• WHAT TO PRODUCE:
Would you please set down, word for word, the lines from the one with "Последствия взрыва в" through the final line of the data below, omitting any pictures?

• INFORMATION SHOWN:
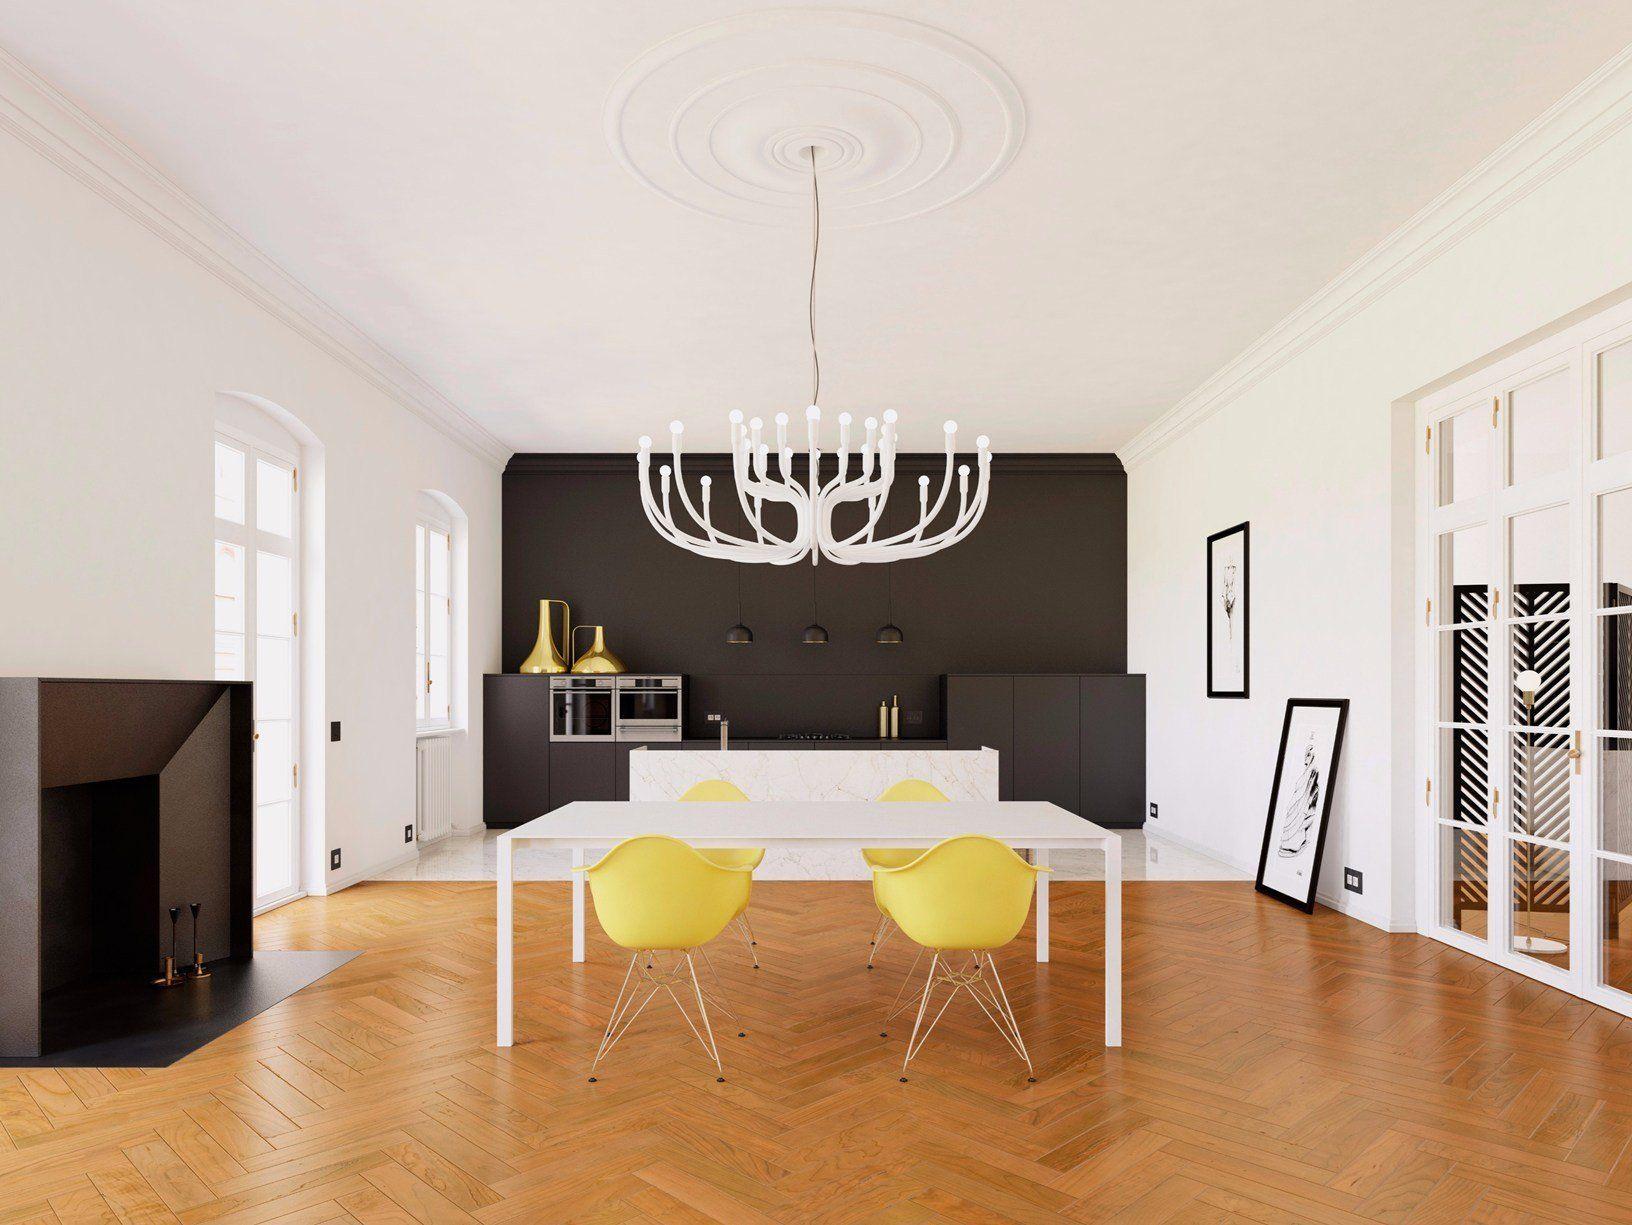 La giusta luce per la sala da pranzo - Illuminazione sala da pranzo ...
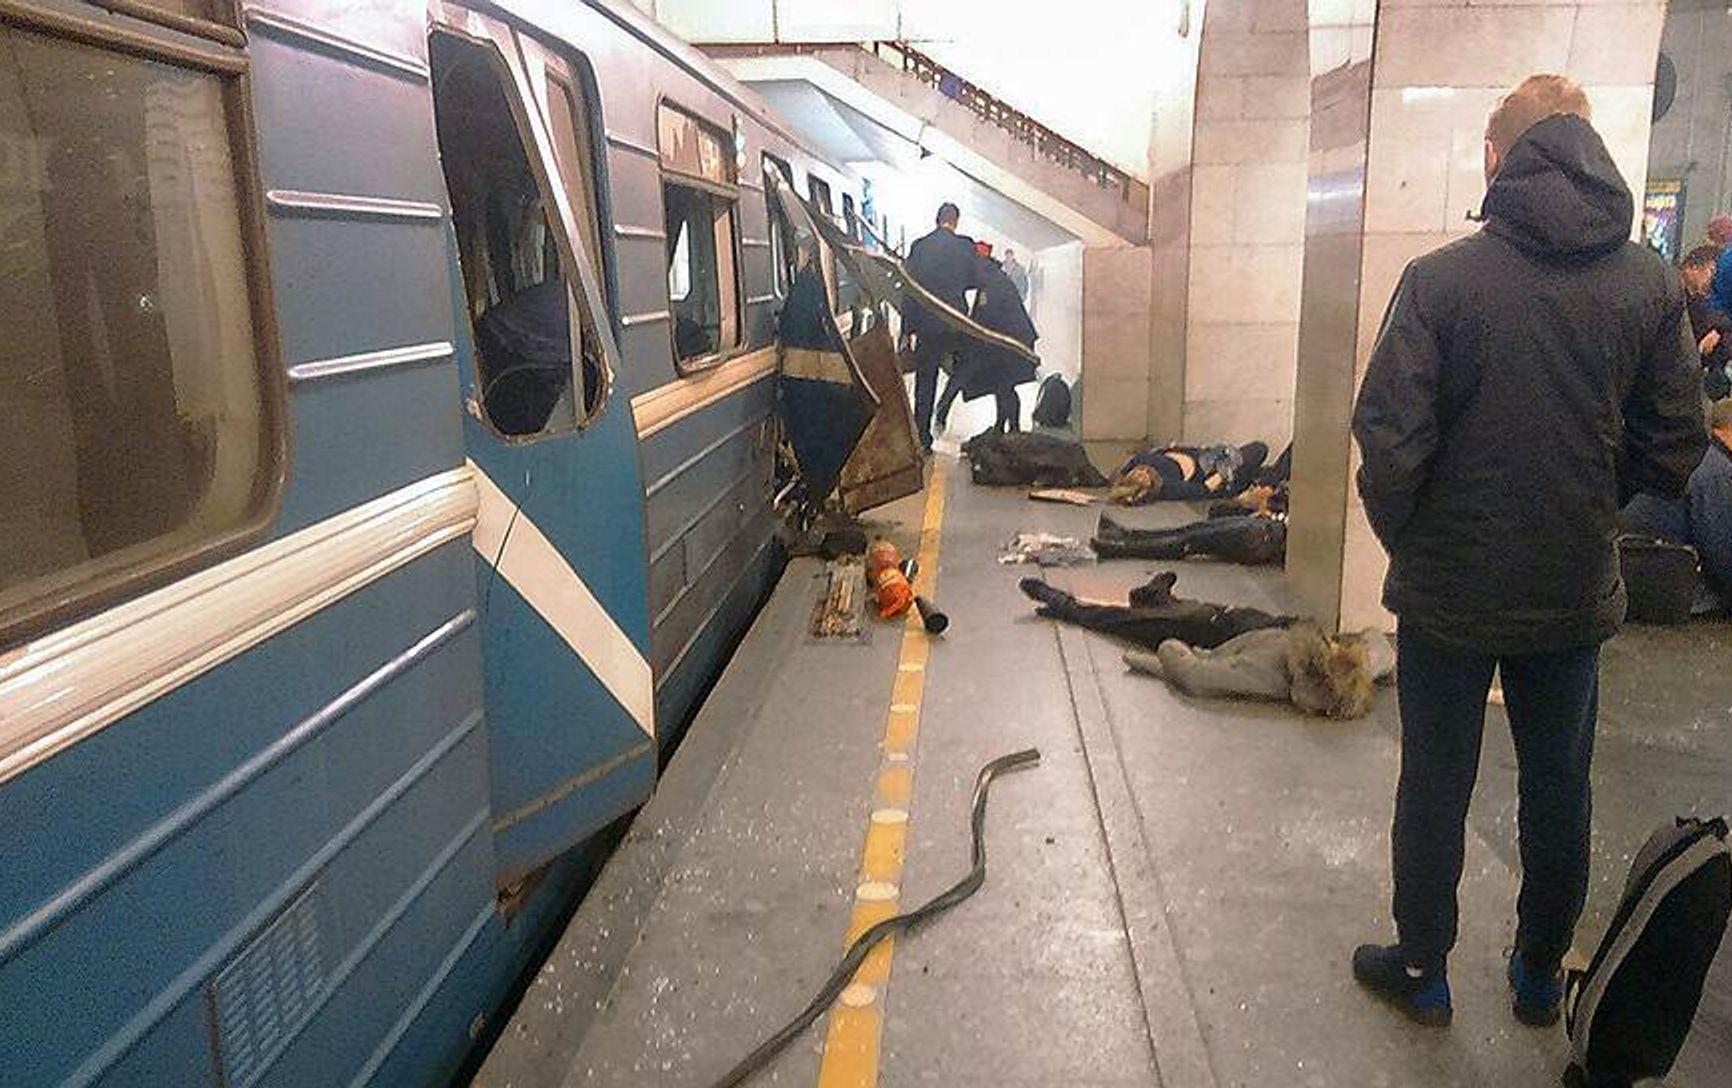 Последствия взрыва в метро в Санкт-Петербурге в 2017 году
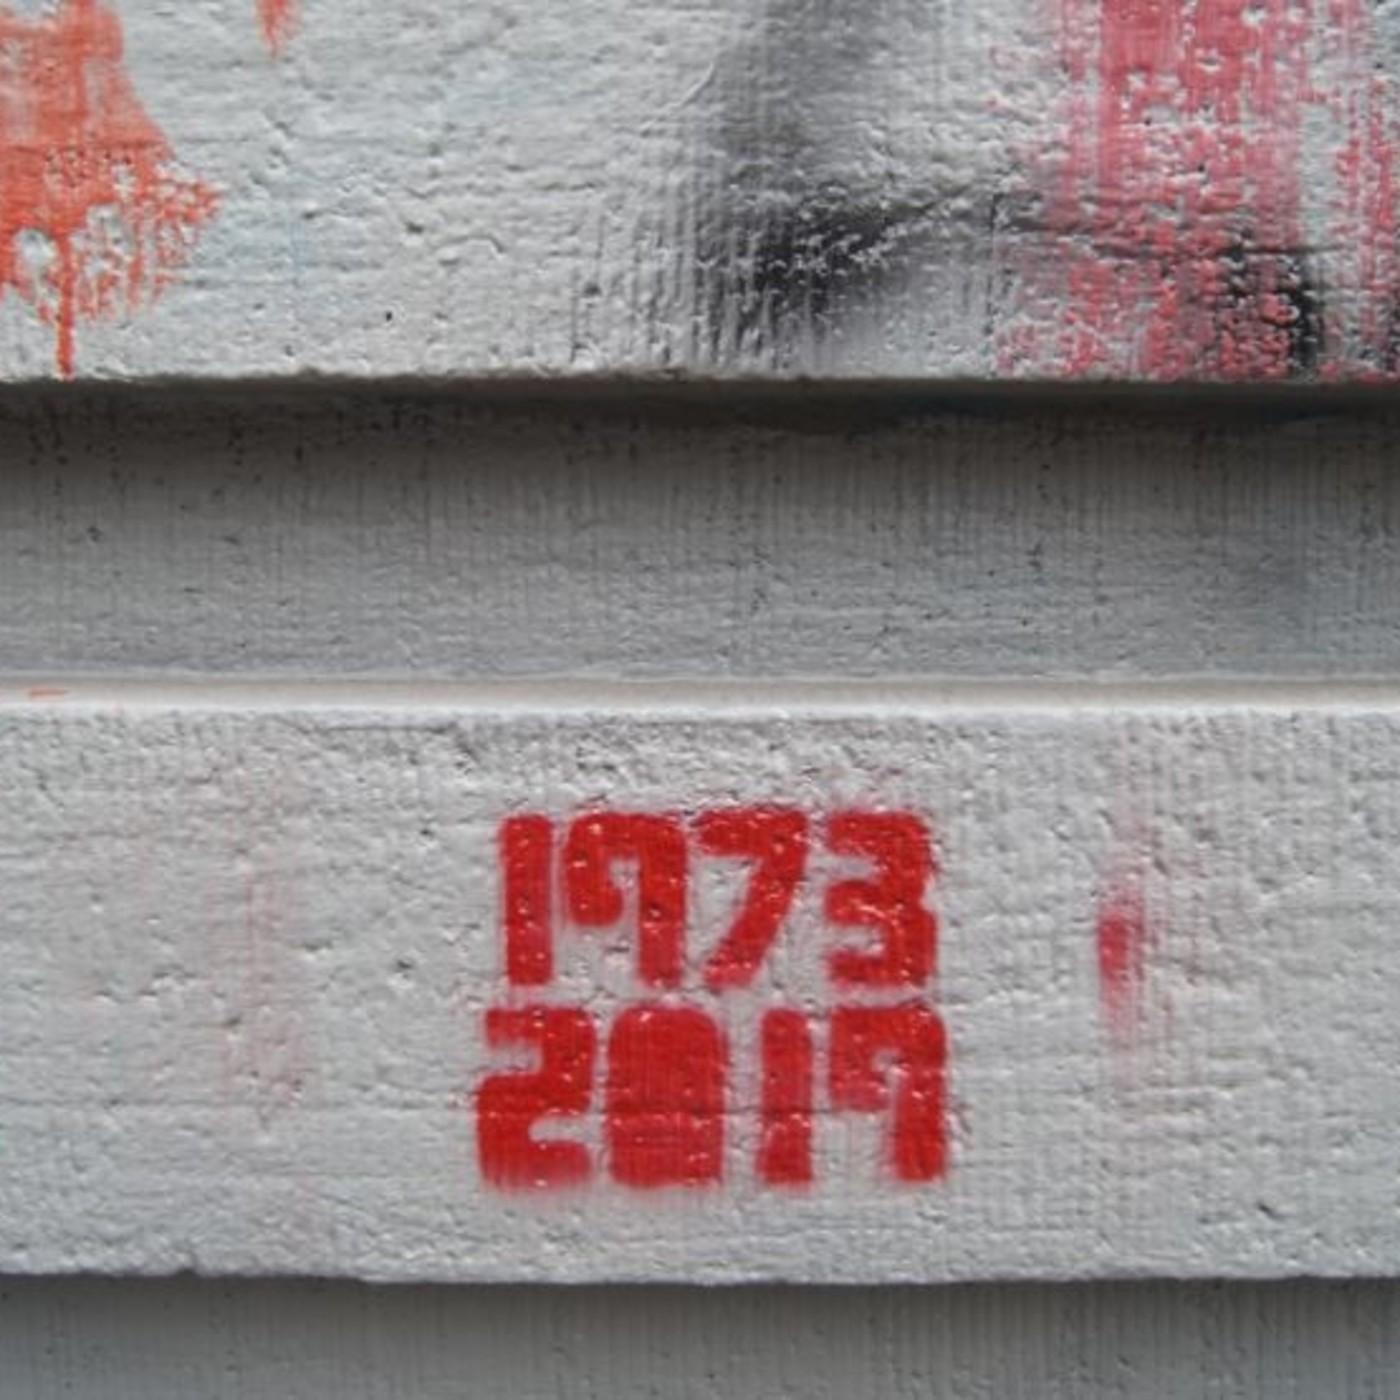 ESPECIAL. El 11 de septiembre y la refundación de Chile
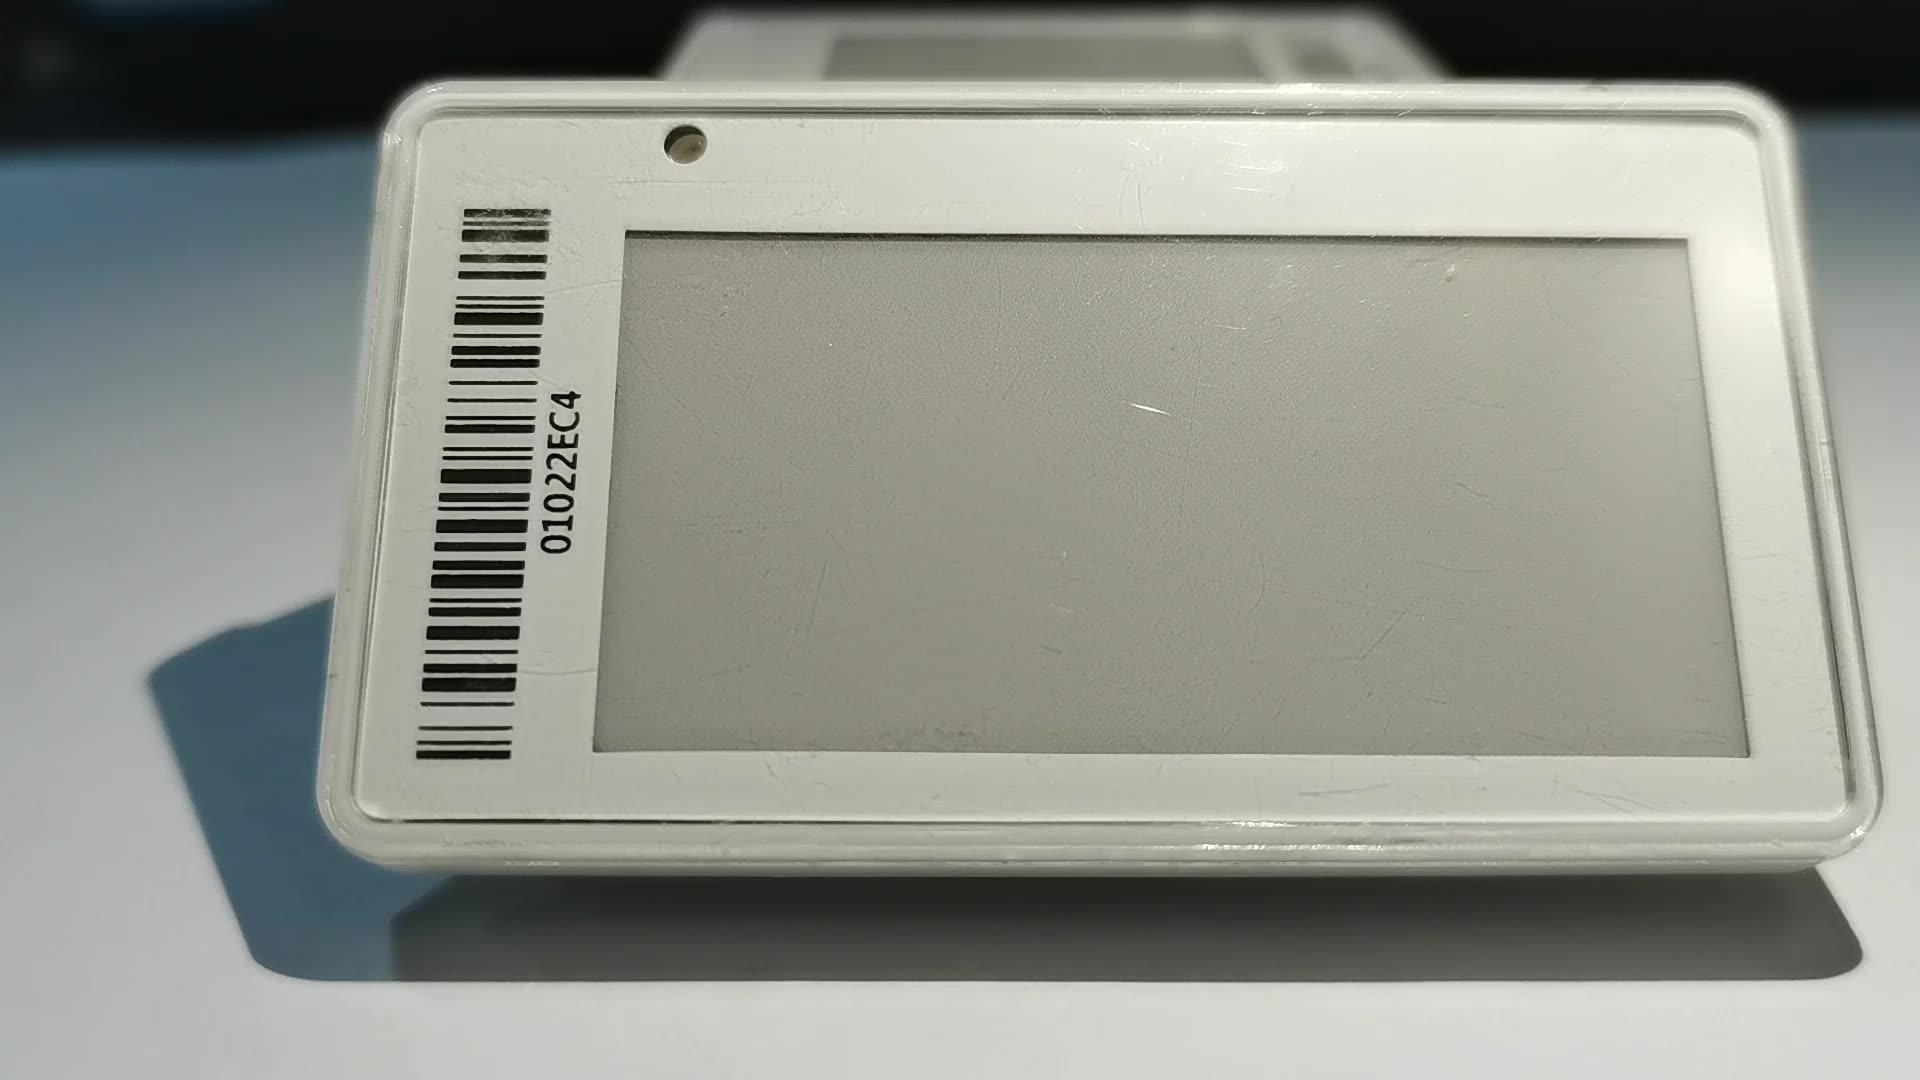 קמעונאות אלחוטי E-נייר E-דיו אלקטרוני מחיר תגיות דיגיטלי מדף תווית ESL

• THE ANSWER:
 Последствия взрыва в метро в Санкт-Петербурге в 2017 году
 ESPECIAL. El 11 de septiembre y la refundación de Chile
 קמעונאות אלחוטי E-נייר E-דיו אלקטרוני מחיר תגיות דיגיטלי מדף תווית ESL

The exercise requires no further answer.